Http://www.zihou.me/html/2010/02/19/1525.html

Http://tdcq.iteye.com/blog/1338777

Http://blog.csdn.net/wh62592855/article/details/5752199 #

Http://hadoop.apache.org/common/docs/r0.19.2/cn/quickstart.html

This article uses hadoop is 0.18.2, 0.20 installed in Linux can refer to the http://www.cnblogs.com/reckzhou/archive/2012/03/21/2409765.html

Contact Us

The content source of this page is from Internet, which doesn't represent Alibaba Cloud's opinion; products and services mentioned on that page don't have any relationship with Alibaba Cloud. If the content of the page makes you feel confusing, please write us an email, we will handle the problem within 5 days after receiving your email.

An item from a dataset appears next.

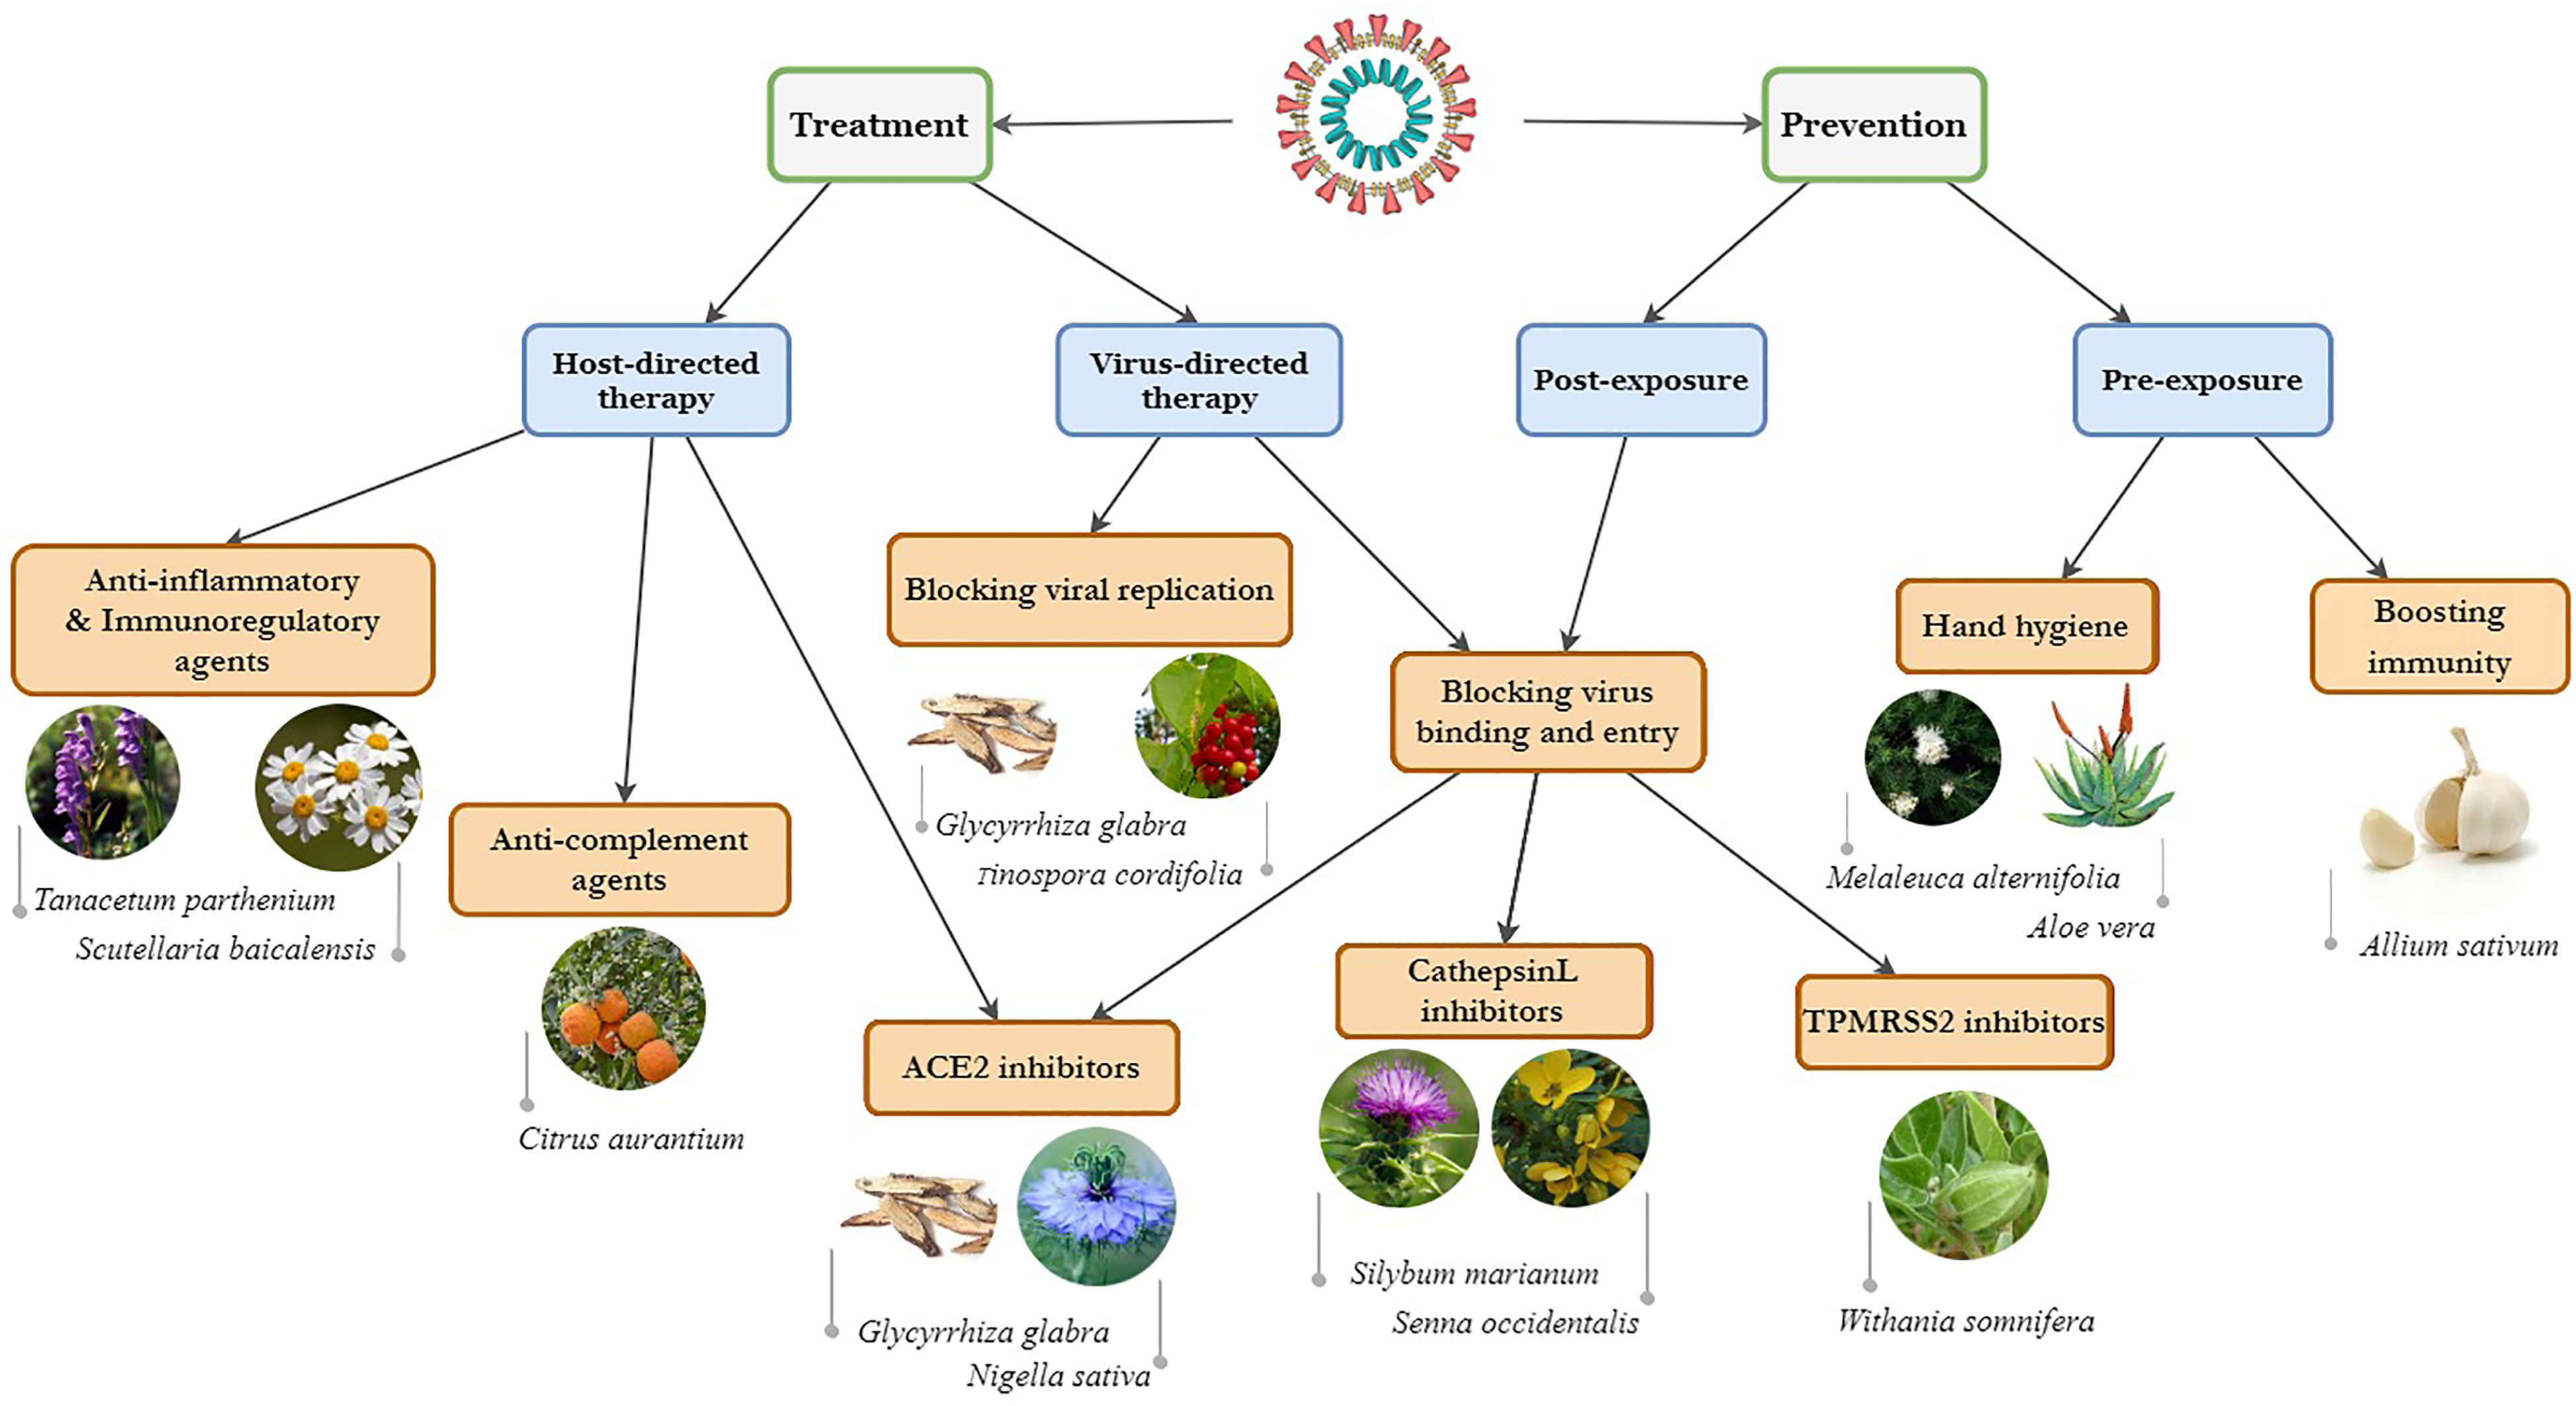 کووید ۱۹: استراتژی های کلی برای درمانهای گیاهی

If you find any instances of plagiarism from the community, please send an email to: info-contact@alibabacloud.com and provide relevant evidence. A staff member will contact you within 5 working days.

A Free Trial That Lets You Build Big!

Start building with 50+ products and up to 12 months usage for Elastic Compute Service

  • Sales Support

    1 on 1 presale consultation

  • After-Sales Support

    24/7 Technical Support 6 Free Tickets per Quarter Faster Response

  • Alibaba Cloud offers highly flexible support services tailored to meet your exact needs.